Die vergangene, gewesene Welt muss vom Menschen erschlossen und verstanden sein, erst dann erkennt er sich und seine Möglichkeiten. Erst dann kann gegenwärtiges Handeln folgen, indem das durchdachte Gewesene mit einer möglichen Zukunft zumindest intuitiv verbunden wird. Ohne Zeit-Erfahrungen ist eine bewusste Gegenwart genau wie eine gestaltete Zukunft nicht vorstellbar.
Der Mensch selber schafft die Zeit, in der er lebt, indem er versteht und behält.
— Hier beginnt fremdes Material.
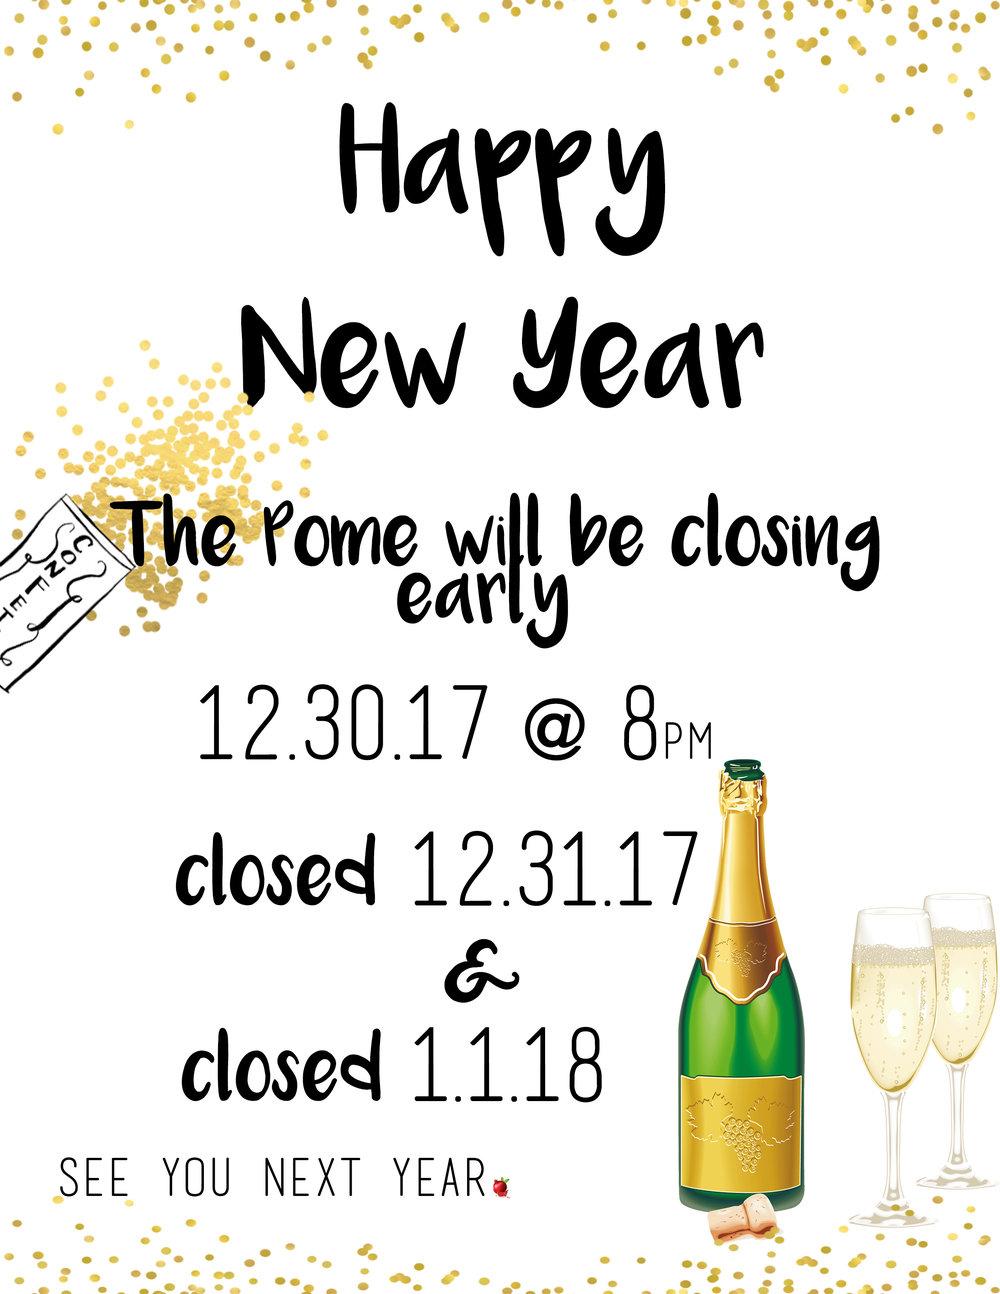 new year announced_Gary_2017.jpg

Zeit ist also keine vom Menschen unabhängige physikalische Verrechnungseinheit. Er bringt sie selbst hervor. Ohne den Menschen keine Zeit, da die Verschränkung von Vergangenheit, Gegenwart und Zukunft nur in ihm, seinem Bewusstsein, stattfindet. Das individuelle Zeiterleben, wie etwas als lange oder als „kurzweilig“ erlebt wird, unterscheidet sich stark. Unterschiedliche Kulturen weisen ein unterschiedliches kollektives Zeiterleben auf.
Nur er, der sich selbst und seine Umwelt betrachtende Mensch, hat ein Verhältnis zu seinem eigenen Sein in der Zeit.
Wir leben im Hier und Jetzt – für den bewussten Augenblick: „So ist denn das Heute kein für sich bestehender Zeitabschnitt, der überall hin abgeriegelt wäre. … Das Heute hat seine Herkunft im Gewesenen und ist zugleich dem ausgesetzt, was auf es zukommt.“ Martin Heidegger
Die modernen, digitalen Techniken folgen ausschließlich Rechenschritten, den binären Algorithmen. Sie erobern immer weitere Anwendungsgebiete, erlangen zunehmenden Einfluss.
In der digitalen Erlebniswelt verschmelzen Vergangenheit, Gegenwart und Zukunft in eine permanente und beliebige Gleichzeitigkeit und Verfügbarkeit. Gewesenes, Gegenwart und Zukunft liegen für den Menschen in der digitalen Welt gleichwertig übereinander, immer abrufbar.
Wir erleben in vielen Bereichen eine komplette informelle Augenblicklichkeit und Allgegenwart. Handelt es sich um eine Beschleunigung des Menschen in der Zeit, ein schnelleres Fließen?